▸ **Problem details**:
Every record is to be restated exactly, with nothing left out.

▸ **Materials provided**:
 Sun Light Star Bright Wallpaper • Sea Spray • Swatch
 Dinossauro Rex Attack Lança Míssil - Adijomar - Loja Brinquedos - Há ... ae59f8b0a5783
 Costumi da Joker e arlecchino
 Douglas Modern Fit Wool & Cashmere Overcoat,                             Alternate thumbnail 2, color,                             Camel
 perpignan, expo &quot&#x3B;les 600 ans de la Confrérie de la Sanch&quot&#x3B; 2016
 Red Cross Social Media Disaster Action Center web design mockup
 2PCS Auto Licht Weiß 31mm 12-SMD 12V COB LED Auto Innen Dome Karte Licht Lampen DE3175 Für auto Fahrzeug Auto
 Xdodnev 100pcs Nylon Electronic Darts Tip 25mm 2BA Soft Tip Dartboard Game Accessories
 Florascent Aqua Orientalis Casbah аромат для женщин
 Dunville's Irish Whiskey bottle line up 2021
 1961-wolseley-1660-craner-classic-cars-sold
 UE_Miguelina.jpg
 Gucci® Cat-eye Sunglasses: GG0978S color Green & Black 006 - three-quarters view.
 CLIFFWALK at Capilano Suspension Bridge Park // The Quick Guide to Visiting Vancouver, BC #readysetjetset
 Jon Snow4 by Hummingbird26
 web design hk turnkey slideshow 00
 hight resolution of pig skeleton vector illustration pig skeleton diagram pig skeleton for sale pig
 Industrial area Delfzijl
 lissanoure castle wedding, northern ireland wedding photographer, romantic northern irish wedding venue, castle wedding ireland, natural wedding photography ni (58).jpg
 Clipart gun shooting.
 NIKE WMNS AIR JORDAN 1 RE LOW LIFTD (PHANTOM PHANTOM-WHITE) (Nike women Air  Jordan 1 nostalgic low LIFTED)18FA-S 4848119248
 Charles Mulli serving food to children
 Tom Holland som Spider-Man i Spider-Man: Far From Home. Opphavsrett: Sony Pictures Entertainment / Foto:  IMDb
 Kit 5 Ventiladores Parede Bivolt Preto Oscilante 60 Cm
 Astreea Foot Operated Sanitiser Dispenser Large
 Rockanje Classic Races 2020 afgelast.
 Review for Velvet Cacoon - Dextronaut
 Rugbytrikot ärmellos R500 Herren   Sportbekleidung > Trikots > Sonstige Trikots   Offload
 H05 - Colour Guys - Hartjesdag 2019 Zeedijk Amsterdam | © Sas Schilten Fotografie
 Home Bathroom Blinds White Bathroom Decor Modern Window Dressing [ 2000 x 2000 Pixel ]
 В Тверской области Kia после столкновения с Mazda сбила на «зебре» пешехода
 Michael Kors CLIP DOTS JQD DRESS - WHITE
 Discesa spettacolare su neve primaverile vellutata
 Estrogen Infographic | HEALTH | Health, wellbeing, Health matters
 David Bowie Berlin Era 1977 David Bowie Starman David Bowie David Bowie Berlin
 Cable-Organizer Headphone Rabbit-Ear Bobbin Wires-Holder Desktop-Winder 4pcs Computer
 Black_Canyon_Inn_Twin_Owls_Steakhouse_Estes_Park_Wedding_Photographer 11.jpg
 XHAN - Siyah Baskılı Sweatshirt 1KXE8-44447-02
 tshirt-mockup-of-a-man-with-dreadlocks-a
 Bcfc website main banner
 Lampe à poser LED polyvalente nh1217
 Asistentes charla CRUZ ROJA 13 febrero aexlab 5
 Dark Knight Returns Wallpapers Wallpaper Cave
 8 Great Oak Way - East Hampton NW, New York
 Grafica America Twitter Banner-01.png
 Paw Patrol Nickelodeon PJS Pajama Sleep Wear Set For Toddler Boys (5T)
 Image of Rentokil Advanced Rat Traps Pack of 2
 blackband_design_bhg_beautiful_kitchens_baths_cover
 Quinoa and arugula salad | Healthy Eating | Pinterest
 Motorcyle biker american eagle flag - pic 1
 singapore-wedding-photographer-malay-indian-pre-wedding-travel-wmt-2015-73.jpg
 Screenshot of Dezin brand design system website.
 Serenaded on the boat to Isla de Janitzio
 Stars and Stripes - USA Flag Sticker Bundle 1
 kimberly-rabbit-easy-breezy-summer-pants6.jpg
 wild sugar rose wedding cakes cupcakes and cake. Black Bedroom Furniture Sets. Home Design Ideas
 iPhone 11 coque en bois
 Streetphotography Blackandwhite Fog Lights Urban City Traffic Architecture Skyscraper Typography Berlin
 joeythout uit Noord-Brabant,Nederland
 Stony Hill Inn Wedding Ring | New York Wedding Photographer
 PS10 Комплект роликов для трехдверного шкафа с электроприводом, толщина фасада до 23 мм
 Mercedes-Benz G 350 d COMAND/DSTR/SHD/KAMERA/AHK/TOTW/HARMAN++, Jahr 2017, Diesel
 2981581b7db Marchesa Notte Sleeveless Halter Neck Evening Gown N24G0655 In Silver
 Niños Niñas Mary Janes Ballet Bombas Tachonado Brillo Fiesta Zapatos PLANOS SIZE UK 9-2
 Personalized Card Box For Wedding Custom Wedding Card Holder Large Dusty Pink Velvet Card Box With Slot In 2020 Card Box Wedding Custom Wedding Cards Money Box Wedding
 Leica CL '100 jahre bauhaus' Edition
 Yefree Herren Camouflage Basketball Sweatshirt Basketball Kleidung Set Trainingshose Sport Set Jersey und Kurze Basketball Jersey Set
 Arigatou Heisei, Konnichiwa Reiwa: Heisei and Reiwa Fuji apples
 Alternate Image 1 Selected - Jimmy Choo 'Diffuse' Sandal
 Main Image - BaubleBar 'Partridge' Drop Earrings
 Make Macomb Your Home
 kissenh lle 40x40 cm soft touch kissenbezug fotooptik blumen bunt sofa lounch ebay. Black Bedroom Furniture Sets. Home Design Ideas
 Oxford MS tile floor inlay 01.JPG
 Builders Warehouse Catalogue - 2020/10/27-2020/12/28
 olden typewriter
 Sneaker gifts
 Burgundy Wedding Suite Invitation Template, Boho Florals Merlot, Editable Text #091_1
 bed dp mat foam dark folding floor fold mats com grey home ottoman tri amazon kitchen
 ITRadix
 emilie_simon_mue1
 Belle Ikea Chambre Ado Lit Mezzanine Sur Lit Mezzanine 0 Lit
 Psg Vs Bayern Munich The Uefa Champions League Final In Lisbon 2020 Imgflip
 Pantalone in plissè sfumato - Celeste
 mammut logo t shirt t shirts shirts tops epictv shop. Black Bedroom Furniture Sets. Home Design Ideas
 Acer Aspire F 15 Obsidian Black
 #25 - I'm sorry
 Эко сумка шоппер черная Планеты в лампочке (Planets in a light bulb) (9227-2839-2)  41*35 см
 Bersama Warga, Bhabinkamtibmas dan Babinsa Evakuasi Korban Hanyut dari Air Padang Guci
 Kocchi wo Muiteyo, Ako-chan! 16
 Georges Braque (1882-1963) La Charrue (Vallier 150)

▸ **Solution to this problem**:
 Sun Light Star Bright Wallpaper • Sea Spray • Swatch
 Dinossauro Rex Attack Lança Míssil - Adijomar - Loja Brinquedos - Há ... ae59f8b0a5783
 Costumi da Joker e arlecchino
 Douglas Modern Fit Wool & Cashmere Overcoat,                             Alternate thumbnail 2, color,                             Camel
 perpignan, expo &quot&#x3B;les 600 ans de la Confrérie de la Sanch&quot&#x3B; 2016
 Red Cross Social Media Disaster Action Center web design mockup
 2PCS Auto Licht Weiß 31mm 12-SMD 12V COB LED Auto Innen Dome Karte Licht Lampen DE3175 Für auto Fahrzeug Auto
 Xdodnev 100pcs Nylon Electronic Darts Tip 25mm 2BA Soft Tip Dartboard Game Accessories
 Florascent Aqua Orientalis Casbah аромат для женщин
 Dunville's Irish Whiskey bottle line up 2021
 1961-wolseley-1660-craner-classic-cars-sold
 UE_Miguelina.jpg
 Gucci® Cat-eye Sunglasses: GG0978S color Green & Black 006 - three-quarters view.
 CLIFFWALK at Capilano Suspension Bridge Park // The Quick Guide to Visiting Vancouver, BC #readysetjetset
 Jon Snow4 by Hummingbird26
 web design hk turnkey slideshow 00
 hight resolution of pig skeleton vector illustration pig skeleton diagram pig skeleton for sale pig
 Industrial area Delfzijl
 lissanoure castle wedding, northern ireland wedding photographer, romantic northern irish wedding venue, castle wedding ireland, natural wedding photography ni (58).jpg
 Clipart gun shooting.
 NIKE WMNS AIR JORDAN 1 RE LOW LIFTD (PHANTOM PHANTOM-WHITE) (Nike women Air  Jordan 1 nostalgic low LIFTED)18FA-S 4848119248
 Charles Mulli serving food to children
 Tom Holland som Spider-Man i Spider-Man: Far From Home. Opphavsrett: Sony Pictures Entertainment / Foto:  IMDb
 Kit 5 Ventiladores Parede Bivolt Preto Oscilante 60 Cm
 Astreea Foot Operated Sanitiser Dispenser Large
 Rockanje Classic Races 2020 afgelast.
 Review for Velvet Cacoon - Dextronaut
 Rugbytrikot ärmellos R500 Herren   Sportbekleidung > Trikots > Sonstige Trikots   Offload
 H05 - Colour Guys - Hartjesdag 2019 Zeedijk Amsterdam | © Sas Schilten Fotografie
 Home Bathroom Blinds White Bathroom Decor Modern Window Dressing [ 2000 x 2000 Pixel ]
 В Тверской области Kia после столкновения с Mazda сбила на «зебре» пешехода
 Michael Kors CLIP DOTS JQD DRESS - WHITE
 Discesa spettacolare su neve primaverile vellutata
 Estrogen Infographic | HEALTH | Health, wellbeing, Health matters
 David Bowie Berlin Era 1977 David Bowie Starman David Bowie David Bowie Berlin
 Cable-Organizer Headphone Rabbit-Ear Bobbin Wires-Holder Desktop-Winder 4pcs Computer
 Black_Canyon_Inn_Twin_Owls_Steakhouse_Estes_Park_Wedding_Photographer 11.jpg
 XHAN - Siyah Baskılı Sweatshirt 1KXE8-44447-02
 tshirt-mockup-of-a-man-with-dreadlocks-a
 Bcfc website main banner
 Lampe à poser LED polyvalente nh1217
 Asistentes charla CRUZ ROJA 13 febrero aexlab 5
 Dark Knight Returns Wallpapers Wallpaper Cave
 8 Great Oak Way - East Hampton NW, New York
 Grafica America Twitter Banner-01.png
 Paw Patrol Nickelodeon PJS Pajama Sleep Wear Set For Toddler Boys (5T)
 Image of Rentokil Advanced Rat Traps Pack of 2
 blackband_design_bhg_beautiful_kitchens_baths_cover
 Quinoa and arugula salad | Healthy Eating | Pinterest
 Motorcyle biker american eagle flag - pic 1
 singapore-wedding-photographer-malay-indian-pre-wedding-travel-wmt-2015-73.jpg
 Screenshot of Dezin brand design system website.
 Serenaded on the boat to Isla de Janitzio
 Stars and Stripes - USA Flag Sticker Bundle 1
 kimberly-rabbit-easy-breezy-summer-pants6.jpg
 wild sugar rose wedding cakes cupcakes and cake. Black Bedroom Furniture Sets. Home Design Ideas
 iPhone 11 coque en bois
 Streetphotography Blackandwhite Fog Lights Urban City Traffic Architecture Skyscraper Typography Berlin
 joeythout uit Noord-Brabant,Nederland
 Stony Hill Inn Wedding Ring | New York Wedding Photographer
 PS10 Комплект роликов для трехдверного шкафа с электроприводом, толщина фасада до 23 мм
 Mercedes-Benz G 350 d COMAND/DSTR/SHD/KAMERA/AHK/TOTW/HARMAN++, Jahr 2017, Diesel
 2981581b7db Marchesa Notte Sleeveless Halter Neck Evening Gown N24G0655 In Silver
 Niños Niñas Mary Janes Ballet Bombas Tachonado Brillo Fiesta Zapatos PLANOS SIZE UK 9-2
 Personalized Card Box For Wedding Custom Wedding Card Holder Large Dusty Pink Velvet Card Box With Slot In 2020 Card Box Wedding Custom Wedding Cards Money Box Wedding
 Leica CL '100 jahre bauhaus' Edition
 Yefree Herren Camouflage Basketball Sweatshirt Basketball Kleidung Set Trainingshose Sport Set Jersey und Kurze Basketball Jersey Set
 Arigatou Heisei, Konnichiwa Reiwa: Heisei and Reiwa Fuji apples
 Alternate Image 1 Selected - Jimmy Choo 'Diffuse' Sandal
 Main Image - BaubleBar 'Partridge' Drop Earrings
 Make Macomb Your Home
 kissenh lle 40x40 cm soft touch kissenbezug fotooptik blumen bunt sofa lounch ebay. Black Bedroom Furniture Sets. Home Design Ideas
 Oxford MS tile floor inlay 01.JPG
 Builders Warehouse Catalogue - 2020/10/27-2020/12/28
 olden typewriter
 Sneaker gifts
 Burgundy Wedding Suite Invitation Template, Boho Florals Merlot, Editable Text #091_1
 bed dp mat foam dark folding floor fold mats com grey home ottoman tri amazon kitchen
 ITRadix
 emilie_simon_mue1
 Belle Ikea Chambre Ado Lit Mezzanine Sur Lit Mezzanine 0 Lit
 Psg Vs Bayern Munich The Uefa Champions League Final In Lisbon 2020 Imgflip
 Pantalone in plissè sfumato - Celeste
 mammut logo t shirt t shirts shirts tops epictv shop. Black Bedroom Furniture Sets. Home Design Ideas
 Acer Aspire F 15 Obsidian Black
 #25 - I'm sorry
 Эко сумка шоппер черная Планеты в лампочке (Planets in a light bulb) (9227-2839-2)  41*35 см
 Bersama Warga, Bhabinkamtibmas dan Babinsa Evakuasi Korban Hanyut dari Air Padang Guci
 Kocchi wo Muiteyo, Ako-chan! 16
 Georges Braque (1882-1963) La Charrue (Vallier 150)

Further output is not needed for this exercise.